You can either buy from Phoenix. 
Or go shop at your local Big Lots or any other close out and you can purchase stereo speakers that are for desktop computers take them apart. 
OR any other speakers they have availiable for computer applications. 
Usually 2 speakers for close out prices approx $10 or so. They are usually the size needed for applications in any of the trains. 
They may come in 8ohm or 4ohm can use, WITH PHOENIX, 4 ohm speakers and the 4ohm will ncreases the sound. 

Any who check out ANY store that offers speakers that you plug into a computer....can't beat the prices....and are not thought of as we seem to sometimes think inside the box. 

IMHO


----------



## Madstang (Jan 4, 2008)

Posted By Madstang on 14 Oct 2010 07:51 AM 
You can either buy from Phoenix. 
Or go shop at your local Big Lots or any other close out and you can purchase stereo speakers that are for desktop computers take them apart. 
OR any other speakers they have availiable for computer applications. 
Usually 2 speakers for close out prices approx $10 or so. They are usually the size needed for applications in any of the trains. 
They may come in 8ohm or 4ohm, and can be used, WITH PHOENIX, With Phoenix you can use both 4 ohm and 8 ohm speakers. The 4 ohm speakers will ncreases the sound. 

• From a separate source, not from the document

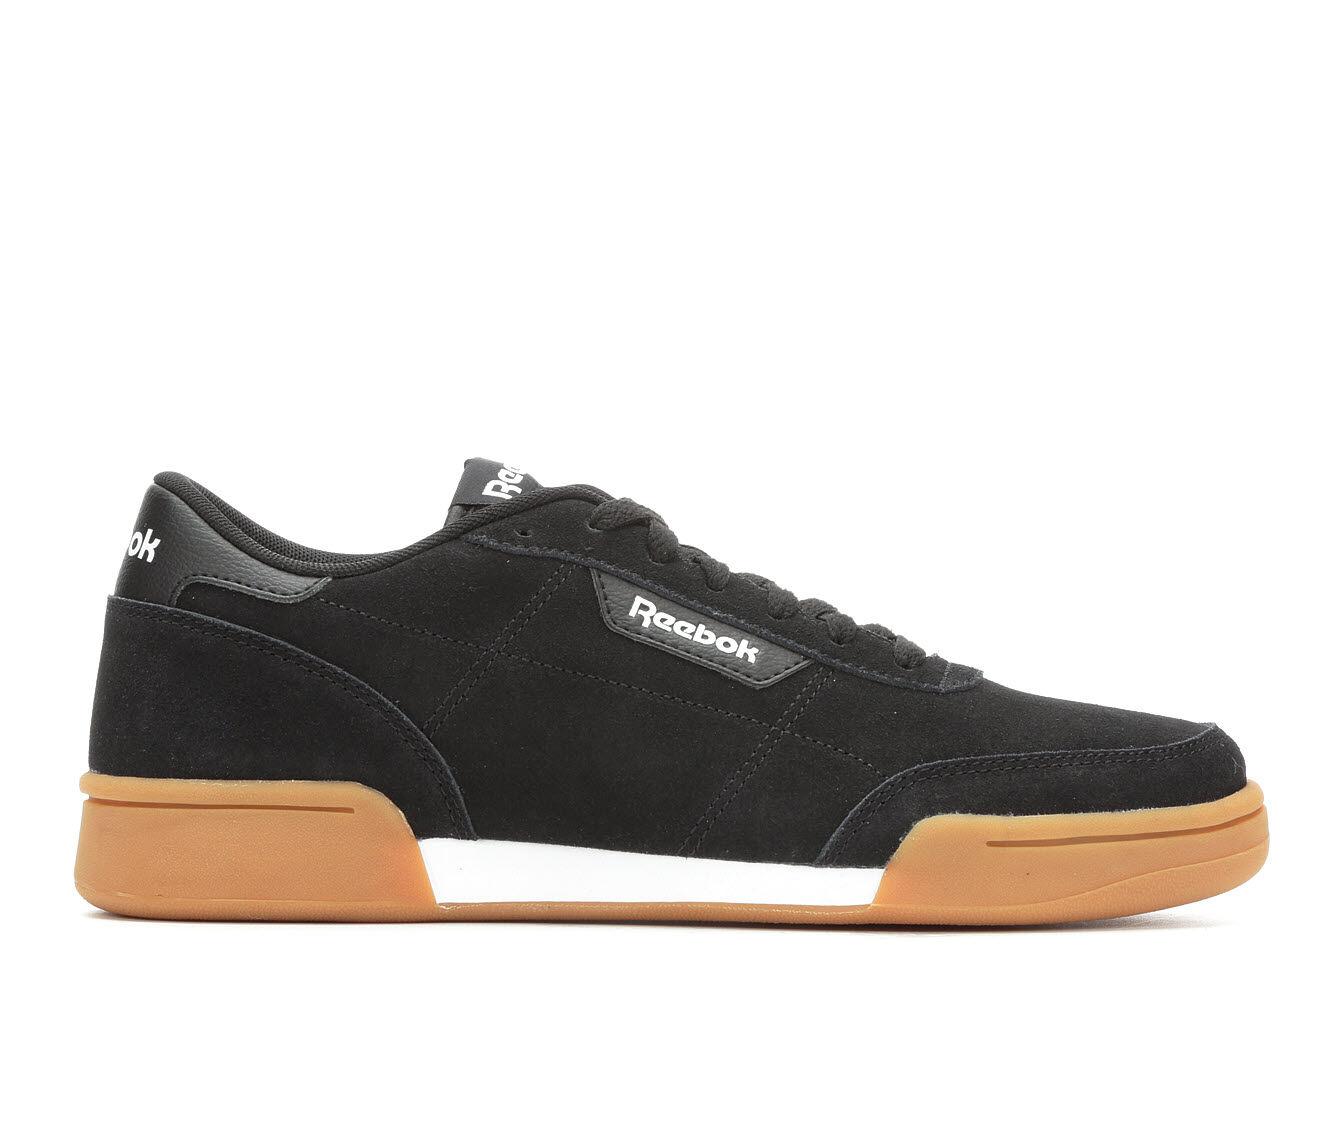 Men's Reebok Royal Heredis Tennis Shoes Blk/Wht/Gum

Any who check out ANY store that offers speakers that you plug into a computer....can't beat the prices....


On a special not I have found that the coaxial speakers you can sometimes luck into do not put out the sound you would think they would vs the regular speakers. 

IMHO


----------



## Greg Elmassian (Jan 3, 2008)

I've bought many speakers from one of our sponsors: Electric Steam Modelworks:

*http://www.rctrains.com/phoenix_sound_system.htm* 


Jonathan has many types of speakers and he comes from the audio industry. He hand-selects exceptional speakers. Look at the 2" ones.

When you say a "2-1/2" speaker" , is this the outside dimension? In the world of speakers, the measurement is actually the inside diameter, the moving part and the flexible part that connects the cone to the housing.

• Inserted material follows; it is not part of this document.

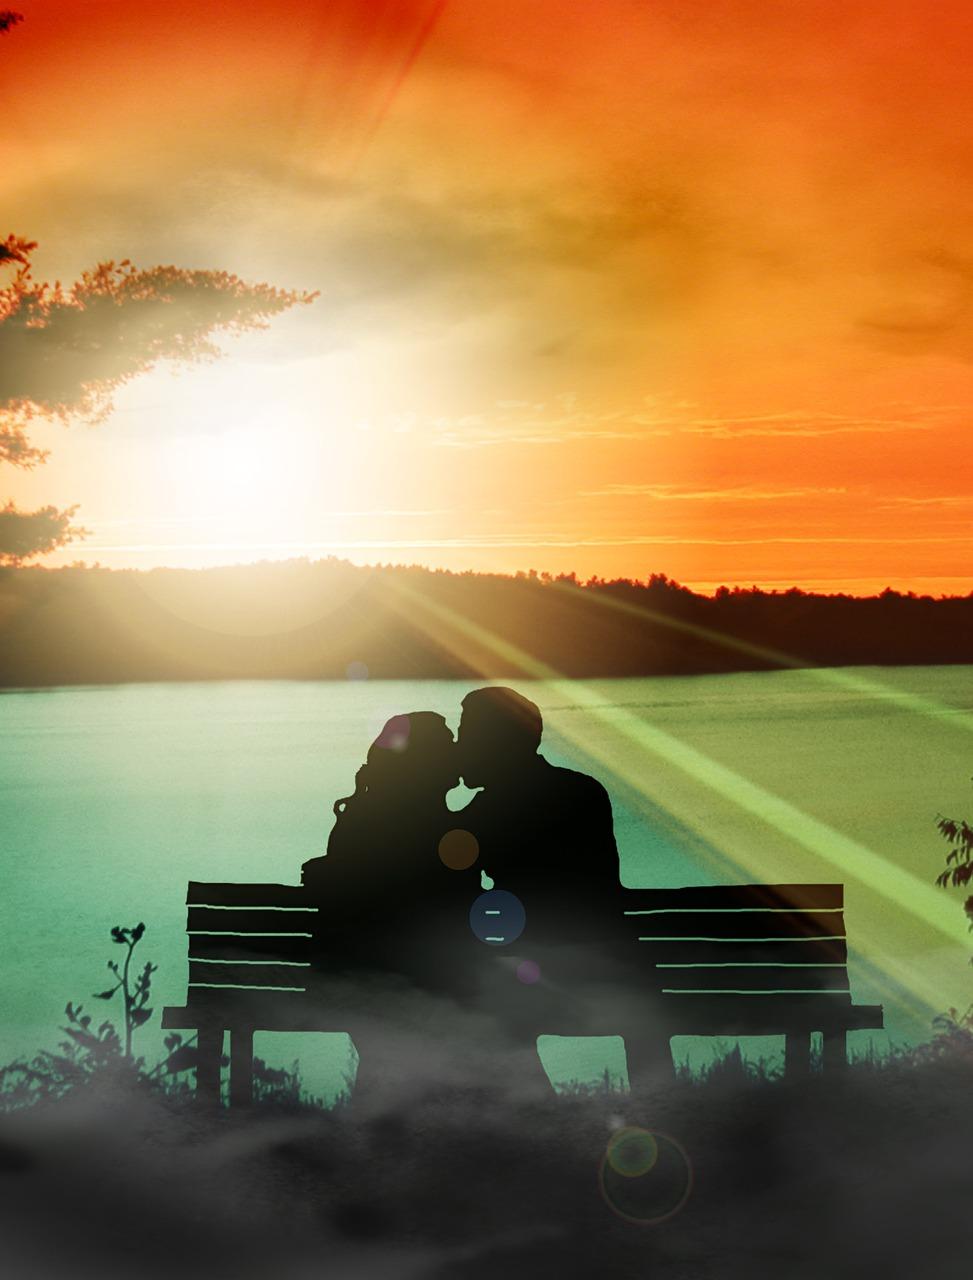 Download Free Photo Of Couple Romantic Romance Love People From Needpix Com

It's a fine point, but I bring it up so that you could ask by phone or email to get the largest speaker you can fit into there.

Is the "round recess" in the housing 2.5"? 

Tony's Train Exchange also has a wide variety of speakers. Many people like the Phoenix speakers too.

I always pay a couple of extra bucks to get a nicer speaker.

Regards, Greg


----------